Cox asked for, and was granted, the opportunity to exercise its “first right of refusal” under the 2002 Cox Contract. The OSSAA advised Cox in the following letter of the rationale it used in moving forward with KSBI:
“The Board, in making the decision to go with the other company stated the strongest point of the agreement was the opportunity for the contests to be shown in a much wider geographic area. They reach 47 counties and you state that you only reach 13… I will extend Cox Communications the opportunity to match the proposal by the third party provided you can respond to OSSAA within a 24 hour period your plan to reach the additional areas of the state with TV coverage … If I have not received assurance from Cox of their ability to match this portion of the agreement, I will move forward with the other company.”
Cox promised that it would submit a plan by September 20. However, when that plan was delivered, Cox advised the association that would address the question of coverage area at a later date.
The OSSAA signed a contract with KSBI two days later.
Cox wasn’t finished, though. On November 18, 2005, on the eve of the high school football playoff games, and nearly two months after the KSBI agreement was signed, Cox filed a lawsuit against OSSAA and FBG d/b/a KSBI, alleging breach of contract, unfair competition, wrongful interference with contractual relations, and specific performance. Cox also sought an injunction, a request that remains the issue in the instant opinion.
On January 5, 2006, the trial court overruled Cox’s Motion for Preliminary Injunction. “The trial court stated Cox had not met its clear and convincing burden of proof regarding its likelihood of success on the merits, nor had it met its burden of proof that it would suffer irreparable harm absent an injunction,” paraphrased the appeals court.
The appeals court agreed with that finding, writing “Cox has not demonstrated it is losing a unique position in the marketplace by losing its exclusive right to telecast OSSAA’s championship events. It may still televise regular season events, and Cox subscribers can still view OSSAA games broadcast by KSBI on other channels carried by Cox. Cox did not demonstrate its viewers will note any distinction, or that its ratings have dropped at all.
“Cox complains its losses cannot be adequately compensated by monetary damages. However, its ‘loss of programming’ in not being able to broadcast the high school playoff games amounts to the revenue lost by its inability to broadcast these events. This injury can be quantified by loss of advertising and/or loss of viewership. Mr. Brus, president of FBG and general manager of KSBI, testified air coverage has a definite and distinct price which can be calculated. Cox does not dispute this. ‘If the injury complained of may be compensated by an award of monetary damages then an adequate remedy at law exists and no irreparable harm may be found as a matter of law.’ Paradise Distributors, Inc., v. Evansville Brewing Co., Inc., 906 F. Supp. 619 (N.D. Okla. 1995).

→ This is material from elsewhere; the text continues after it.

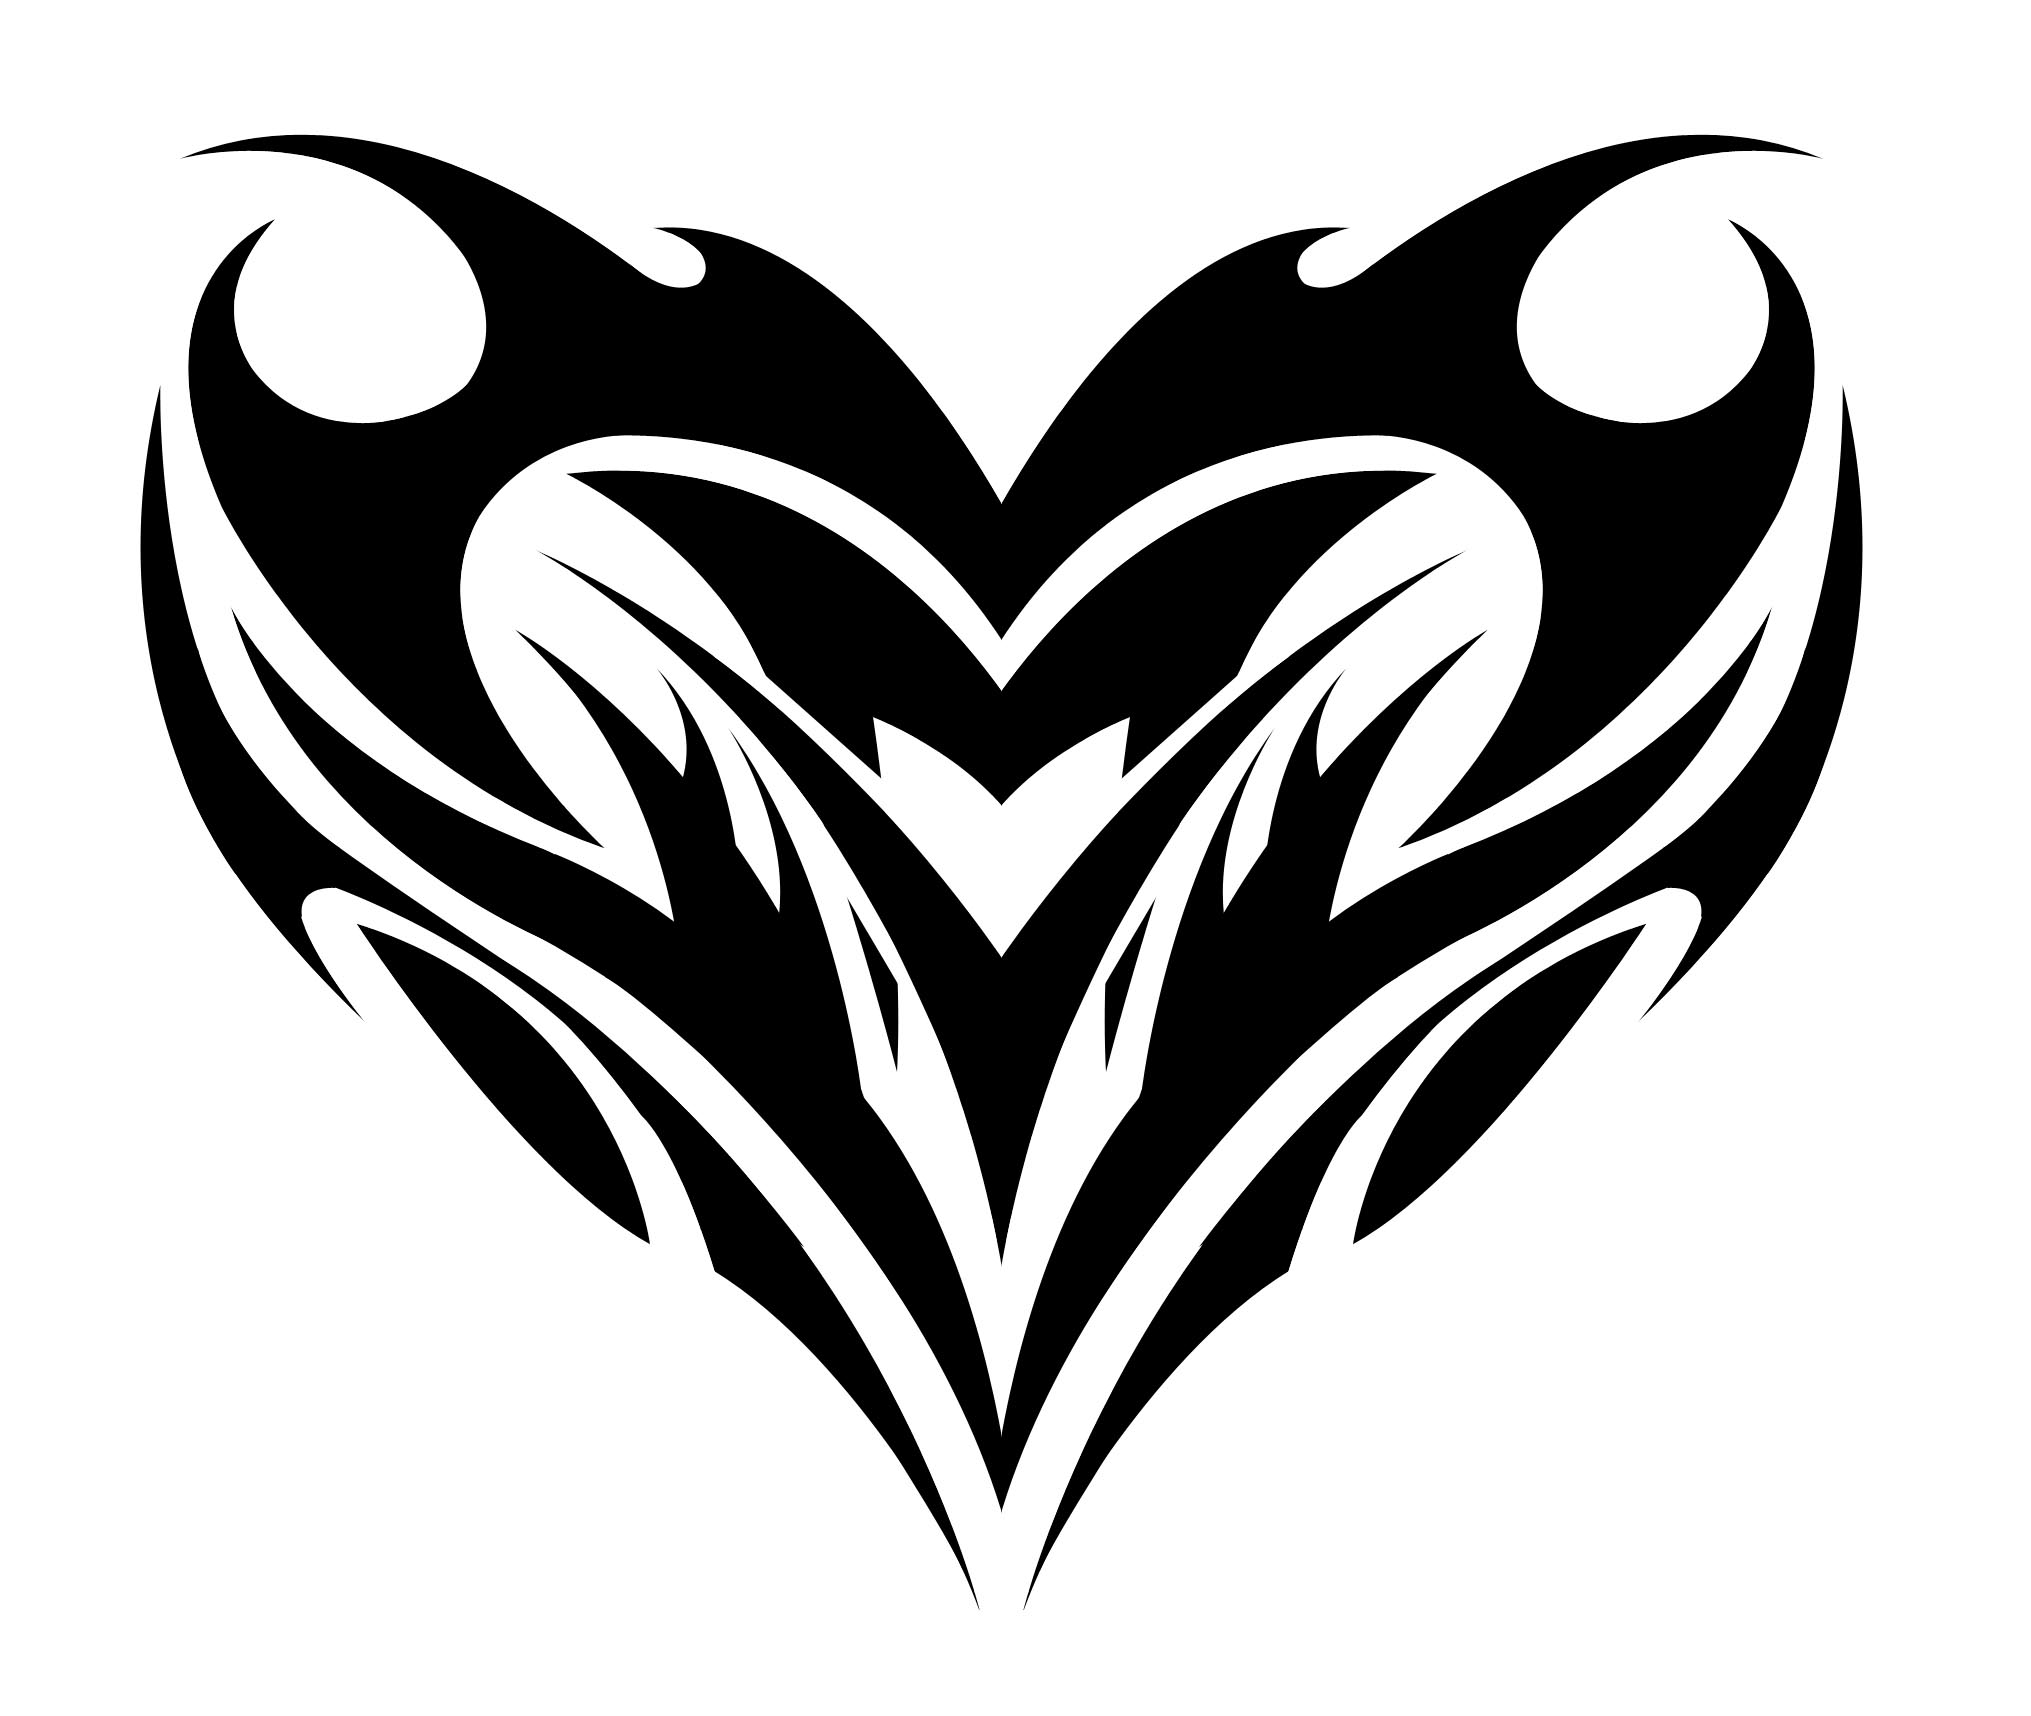 Tribal Heart Drawing - Gallery

“Cox did not demonstrate irreparable harm by clear and convincing evidence. Instead, the evidence indicated any harm to Cox could be adequately compensated with money damages. Because Cox did not demonstrate irreparable harm, it becomes unnecessary for this Court to determine whether Cox met the other criteria for issuance of a preliminary injunction.
“The trial court’s decision denying Cox’s motion for a preliminary injunction is not against the clear weight of the evidence. Therefore, the trial court did not abuse its discretion in denying Cox’s motion for preliminary injunction.”
Coxcom, Inc. v. Oklahoma Secondary Schools Athletic Association; and Family Broadcasting Group, Inc. D/B/A KSBI Television Network; Ct.Civ.App.Ok, Div. 1; Case No. 103,036, 2006 OK CIV APP 107; 2006 Okla. Civ. App. LEXIS 84; 9/14/06
Attorneys of Record: (for plaintiff) Patrick M. Ryan, Phillip G. Whaley, Daniel G. Webber, Jr., Matthew C. Kane of Ryan, Whaley & Coldiron, Oklahoma City, Oklahoma, (for defendant Oklahoma Secondary Schools Athletic Association) George S. Corbyn, Jr., Kathryn M. Zynda, Corbyn Law Firm, Oklahoma City, Oklahoma.